### The task
Down to the last line below, write out every line exactly, starting with the one that contains "Nude girl on birthday card" and leaving out the pictures.

(Dataset excerpt)

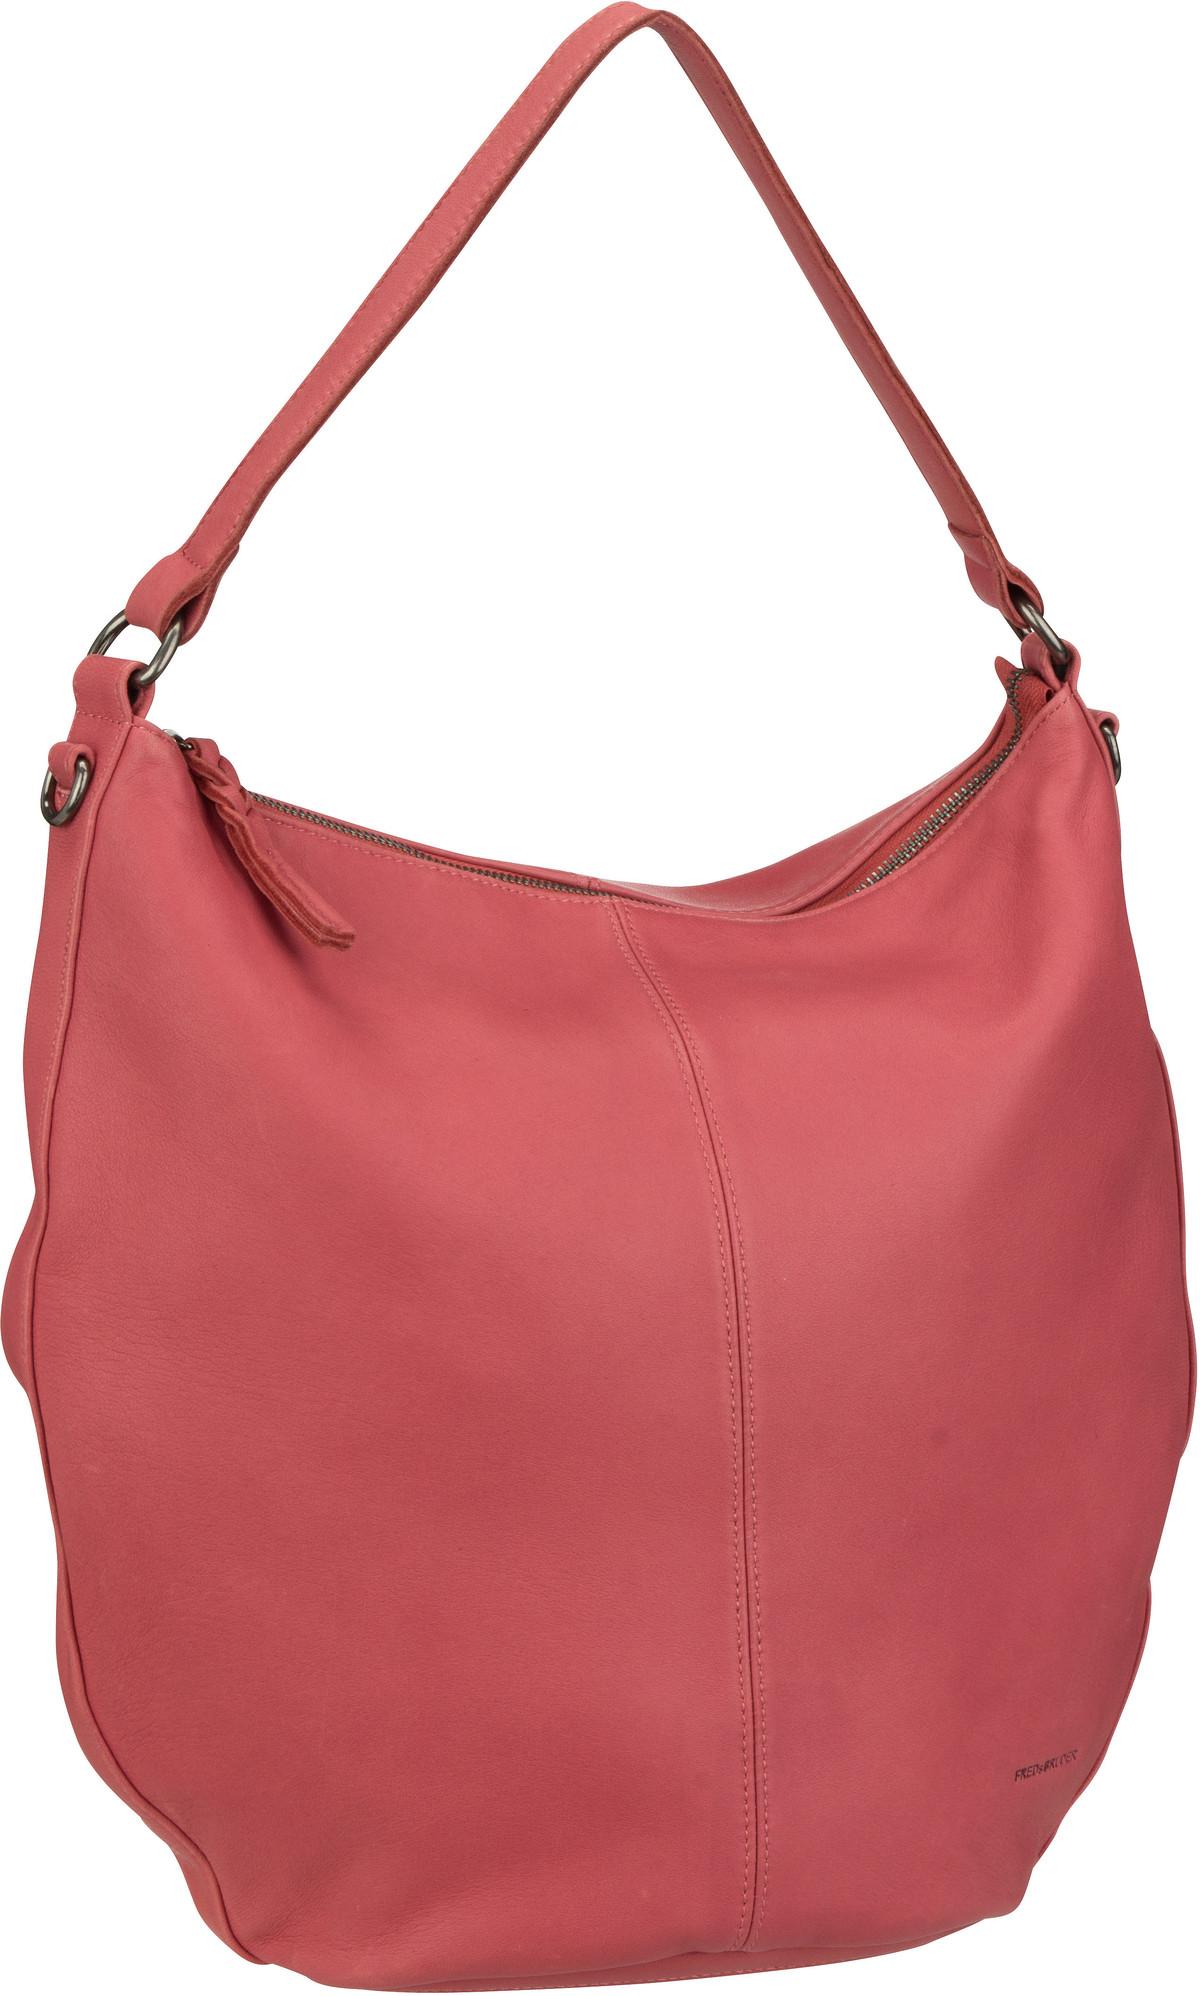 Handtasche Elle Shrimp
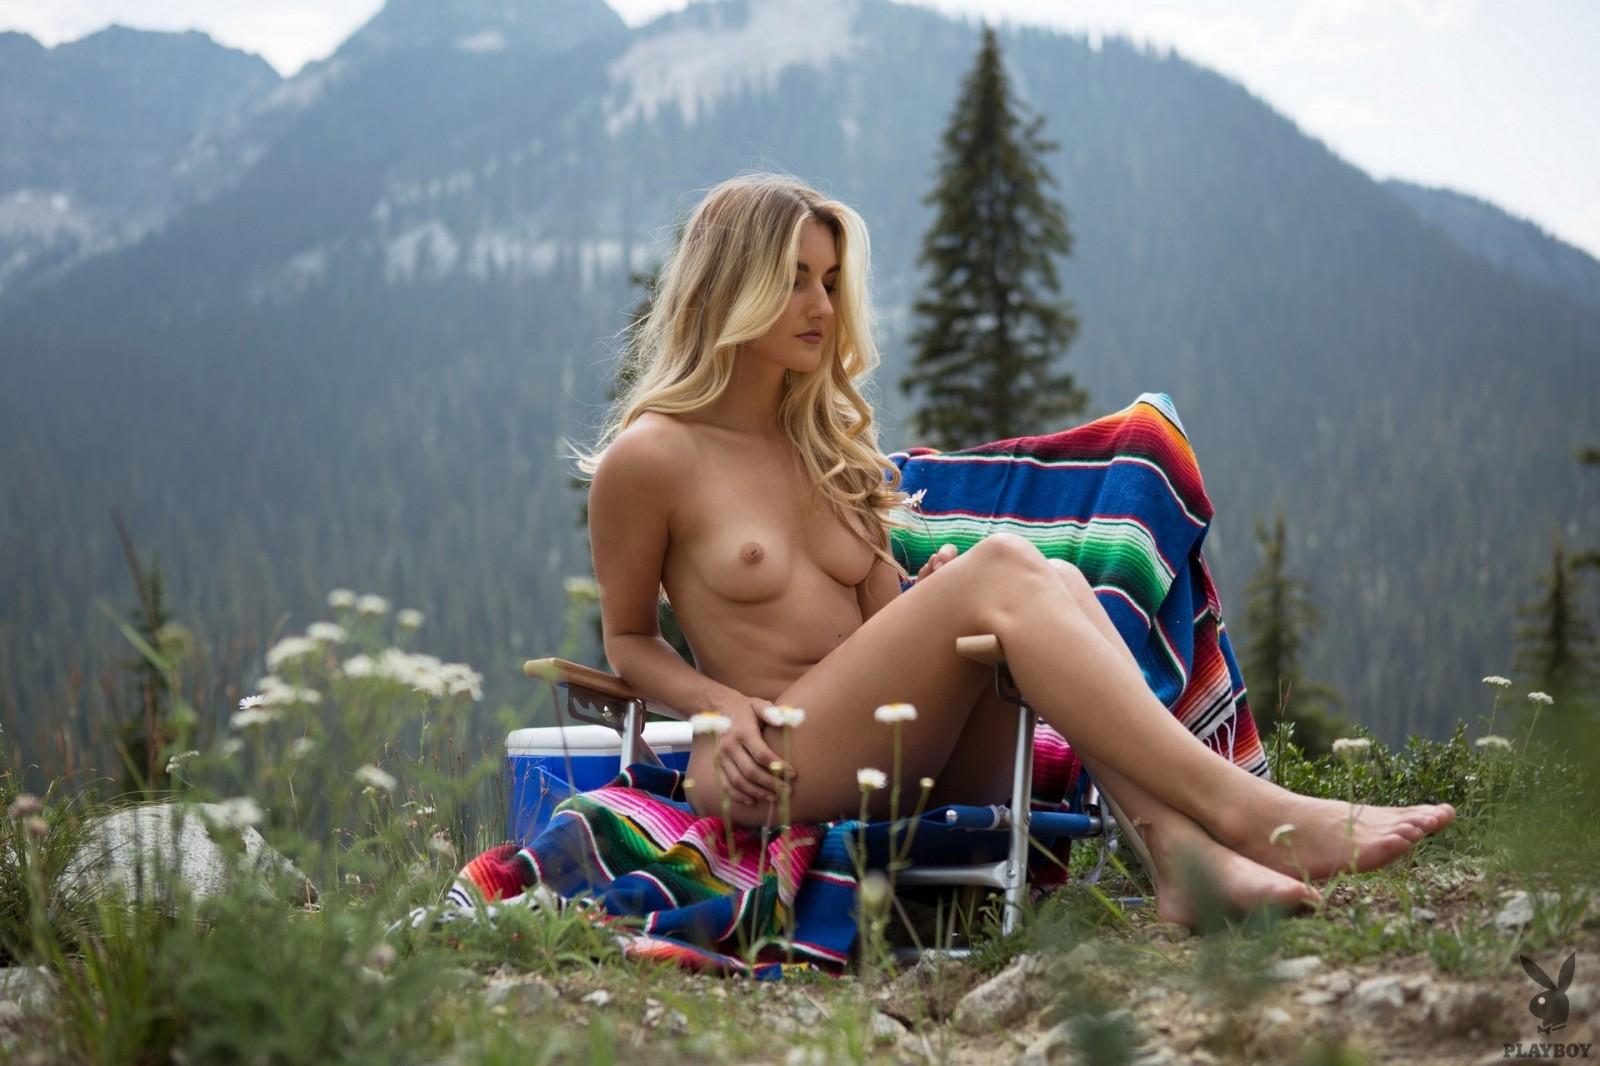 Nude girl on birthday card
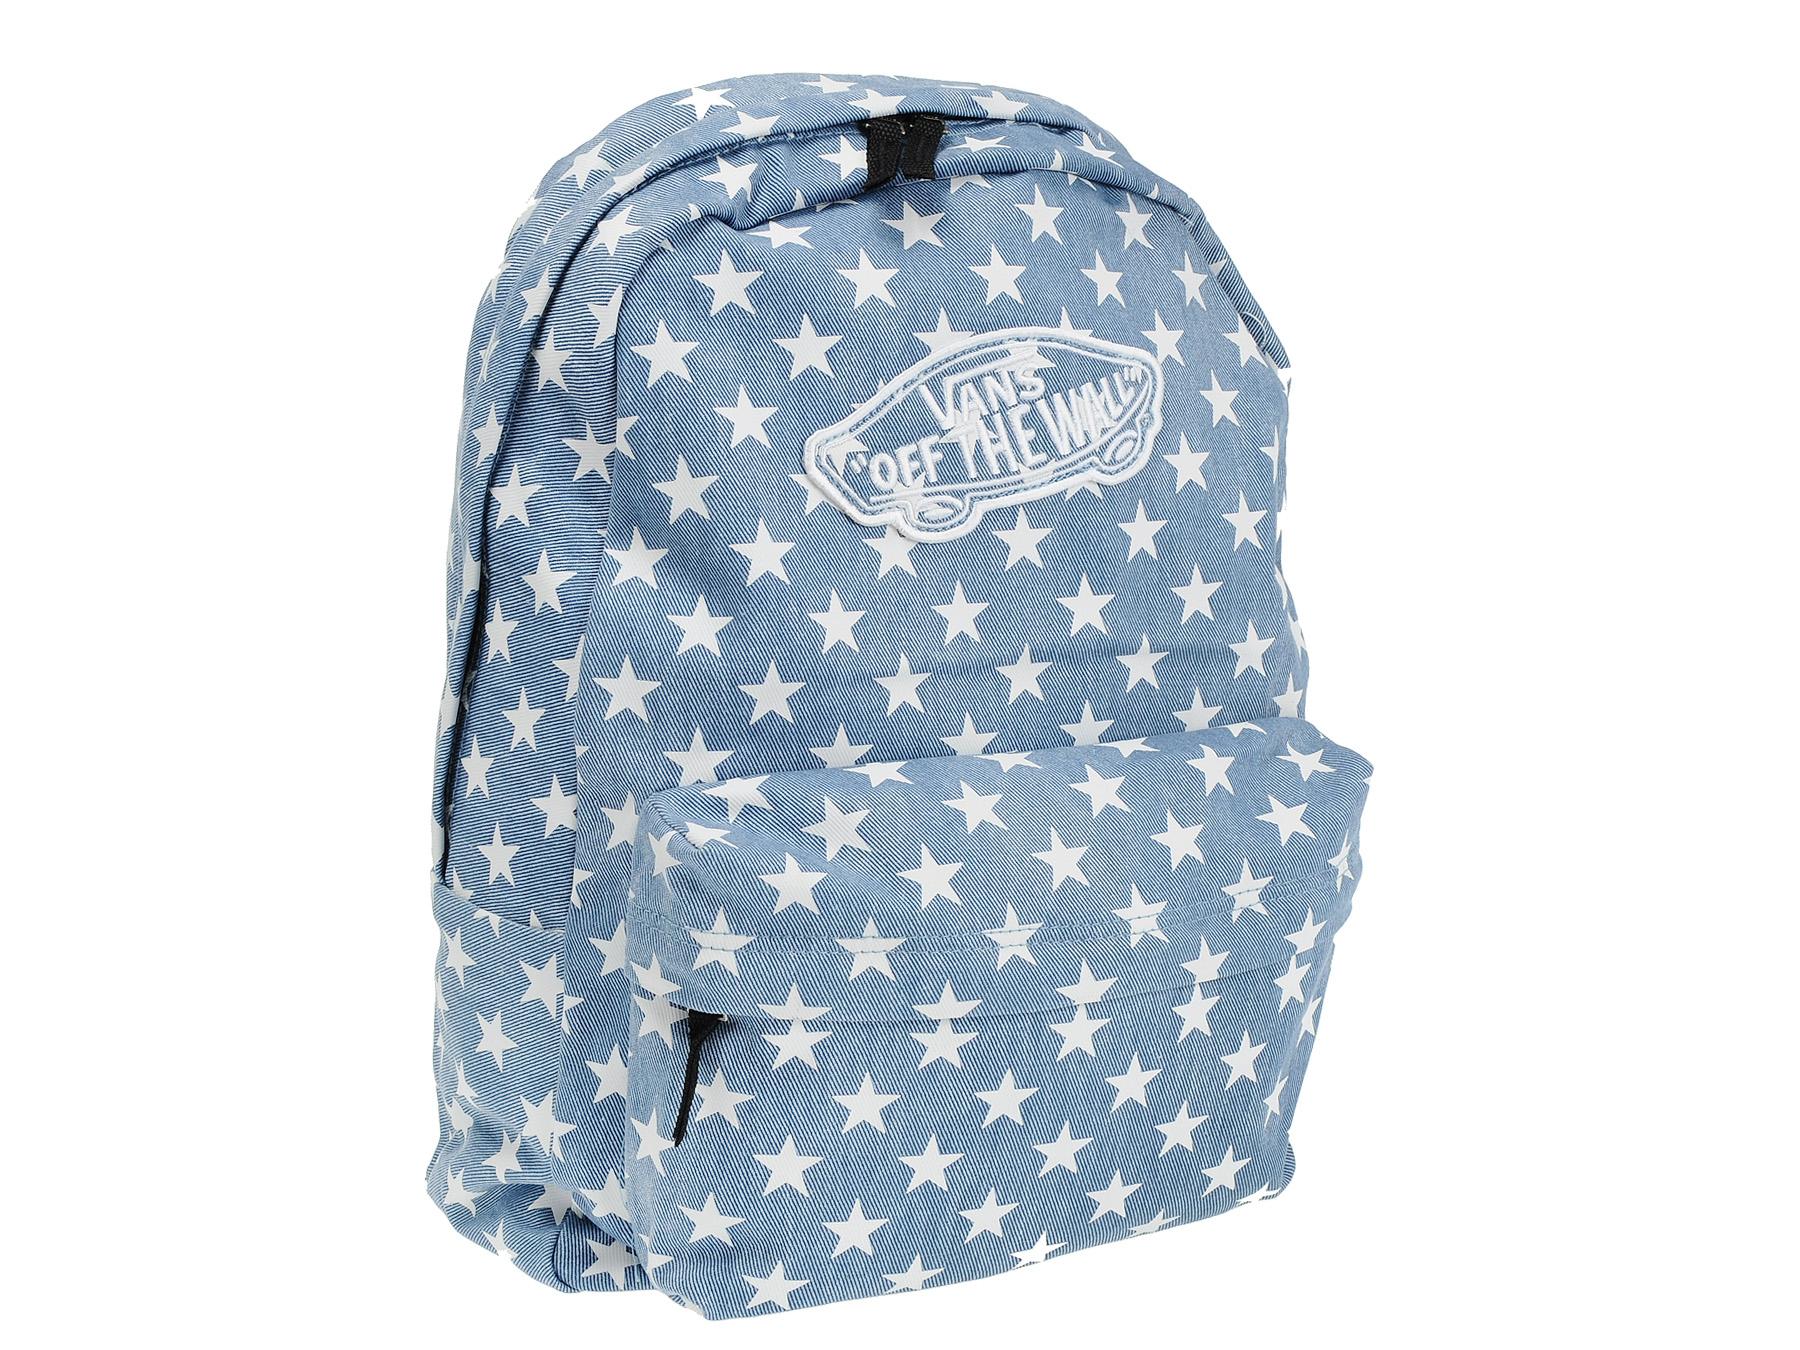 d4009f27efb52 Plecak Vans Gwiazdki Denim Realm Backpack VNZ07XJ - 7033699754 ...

(End Dataset excerpt)

### Result of the exercise
 Nude girl on birthday card
 d4009f27efb52 Plecak Vans Gwiazdki Denim Realm Backpack VNZ07XJ - 7033699754 ...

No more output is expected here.